• NeuroImage · Jun 2006

    A verifiable solution to the MEG inverse problem.

    • Gareth R Barnes, Paul L Furlong, Krish D Singh, and Arjan Hillebrand.
    • The Wellcome Trust Laboratory for MEG studies, Neurosciences Research Institute, School of Life and Health Sciences, Aston University, Birmingham B4 7ET, UK. barnesgr@aston.ac.uk
    • Neuroimage. 2006 Jun 1; 31 (2): 623-6.

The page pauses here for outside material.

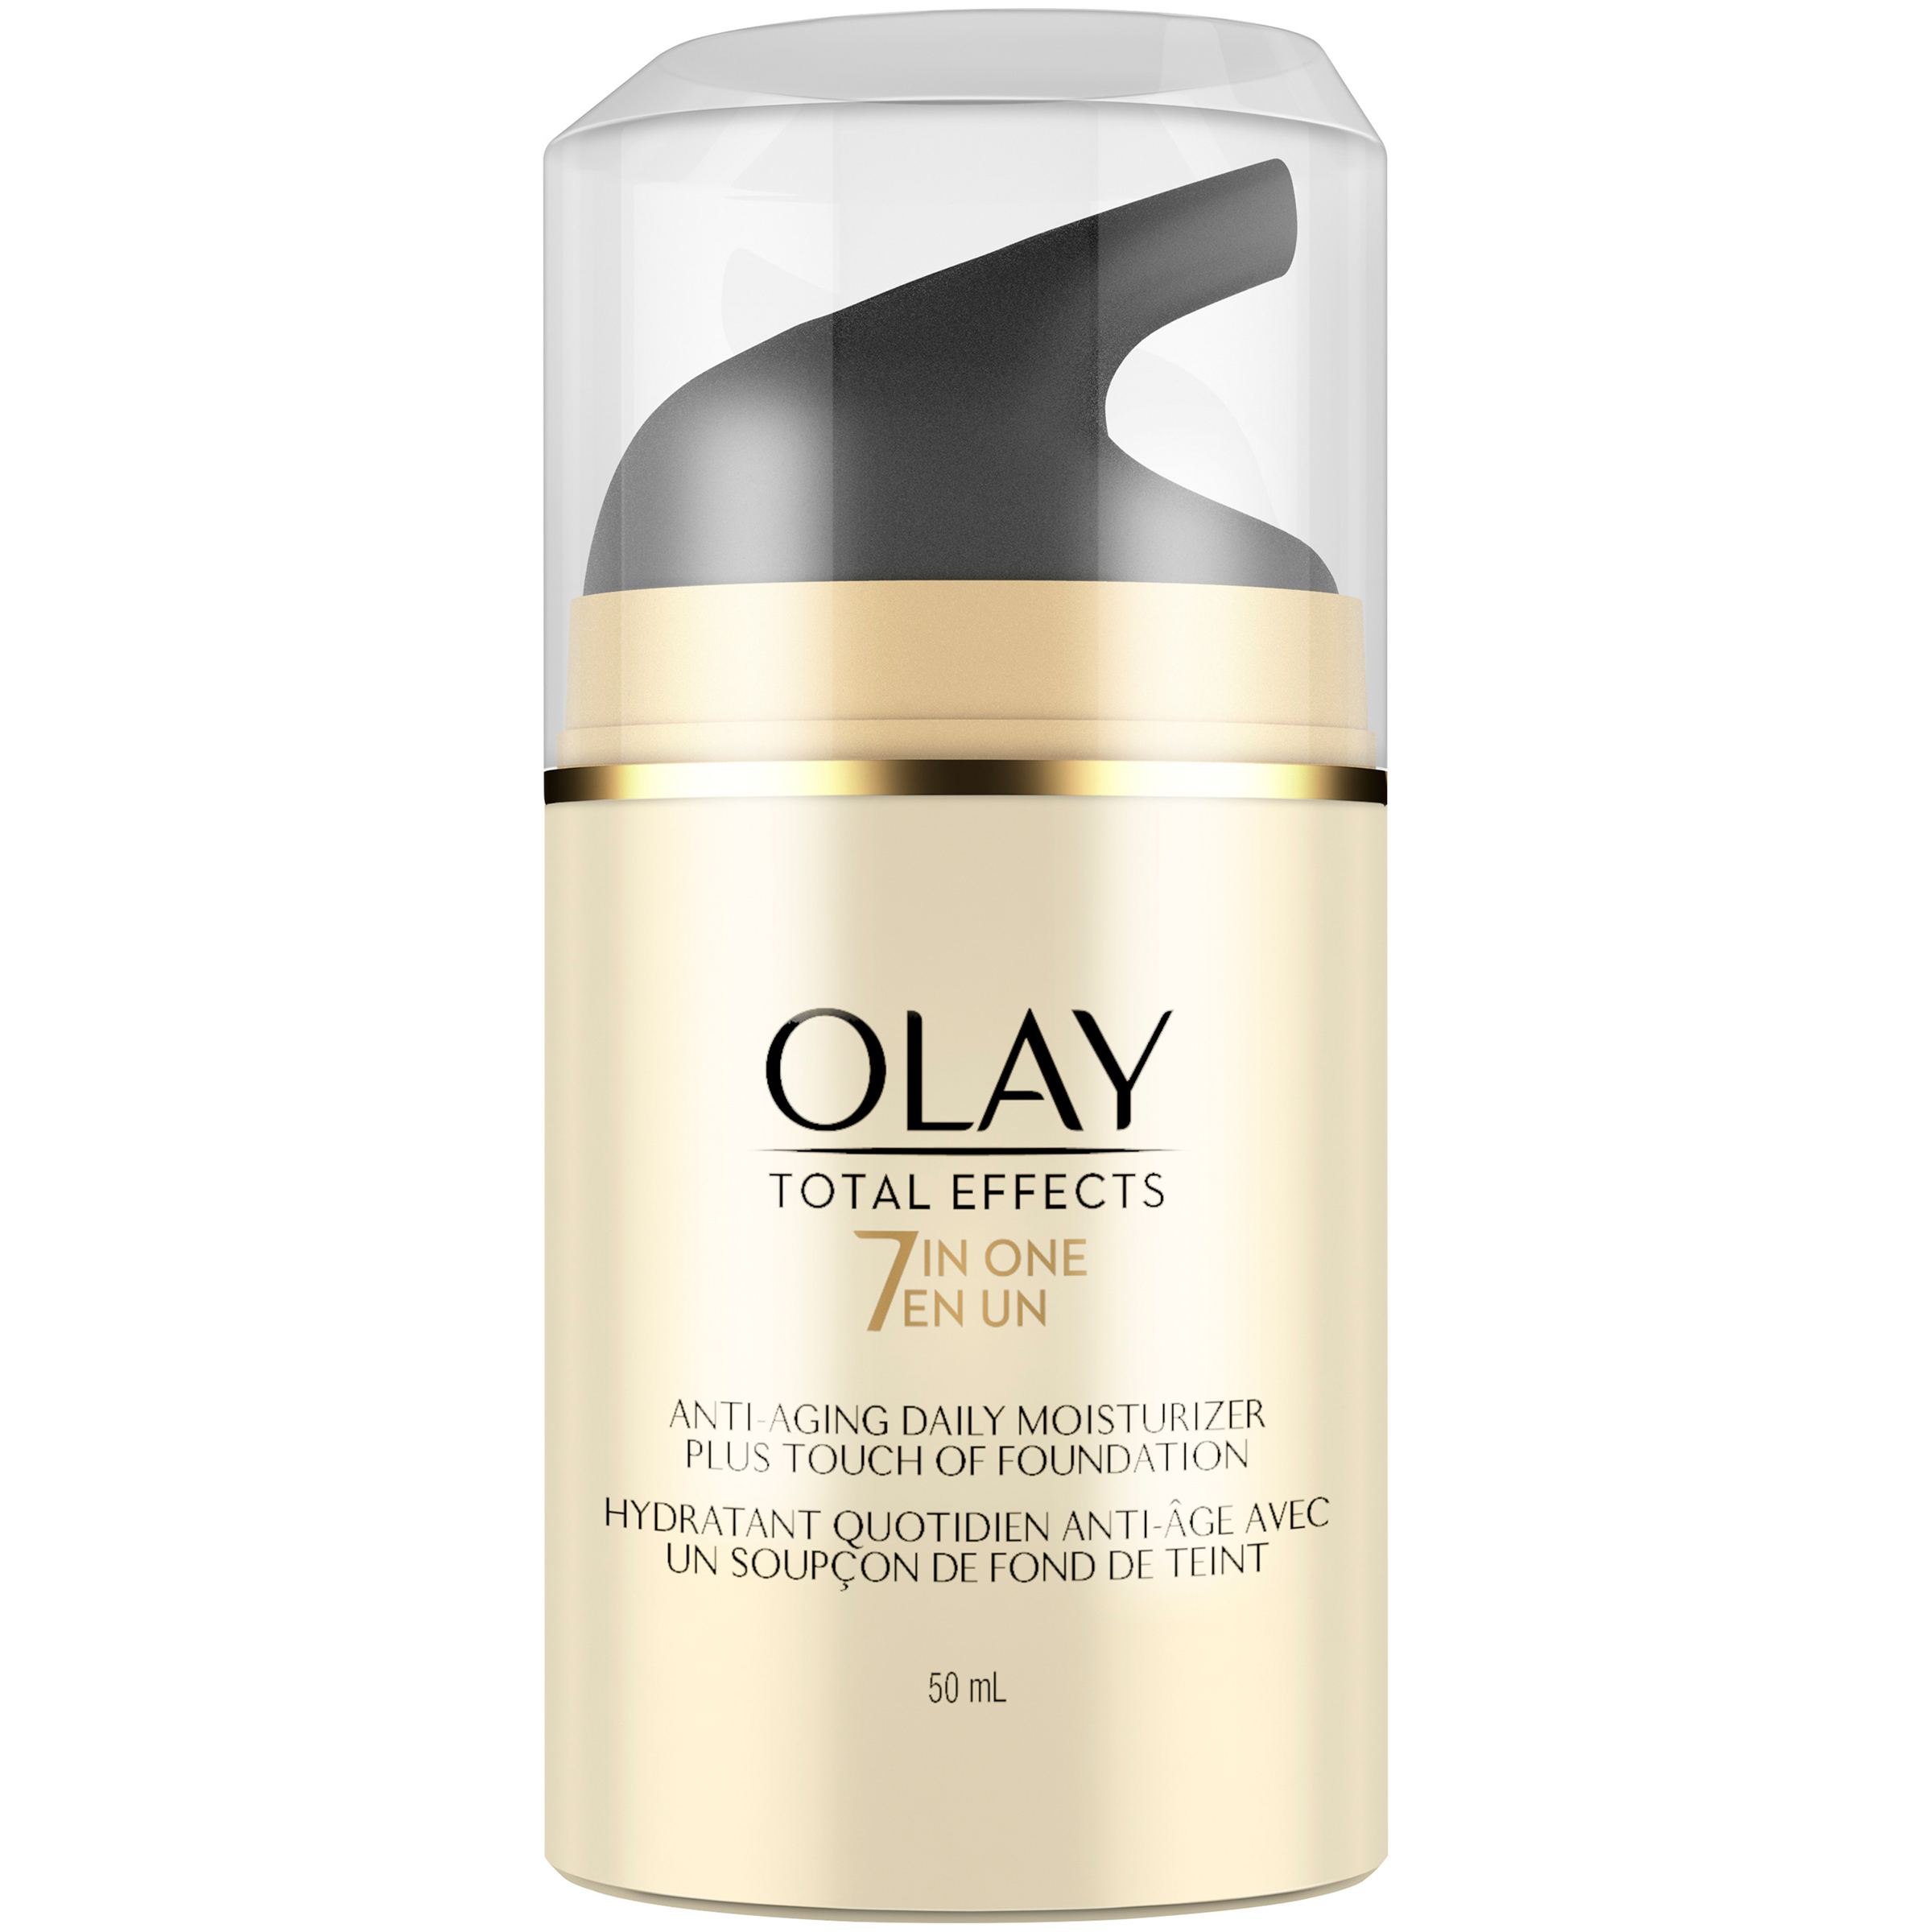 Olay Total Effects Anti-Aging CC Cream, Moisturizer Plus Touch of Foundation 1.7 fl oz

    AbstractMagnetoencephalography (MEG) is a non-invasive brain imaging technique with the potential for very high temporal and spatial resolution of neuronal activity. The main stumbling block for the technique has been that the estimation of a neuronal current distribution, based on sensor data outside the head, is an inverse problem with an infinity of possible solutions. Many inversion techniques exist, all using different a-priori assumptions in order to reduce the number of possible solutions. Although all techniques can be thoroughly tested in simulation, implicit in the simulations are the experimenter's own assumptions about realistic brain function. To date, the only way to test the validity of inversions based on real MEG data has been through direct surgical validation, or through comparison with invasive primate data. In this work, we constructed a null hypothesis that the reconstruction of neuronal activity contains no information on the distribution of the cortical grey matter. To test this, we repeatedly compared rotated sections of grey matter with a beamformer estimate of neuronal activity to generate a distribution of mutual information values. The significance of the comparison between the un-rotated anatomical information and the electrical estimate was subsequently assessed against this distribution. We found that there was significant (P < 0.05) anatomical information contained in the beamformer images across a number of frequency bands. Based on the limited data presented here, we can say that the assumptions behind the beamformer algorithm are not unreasonable for the visual-motor task investigated.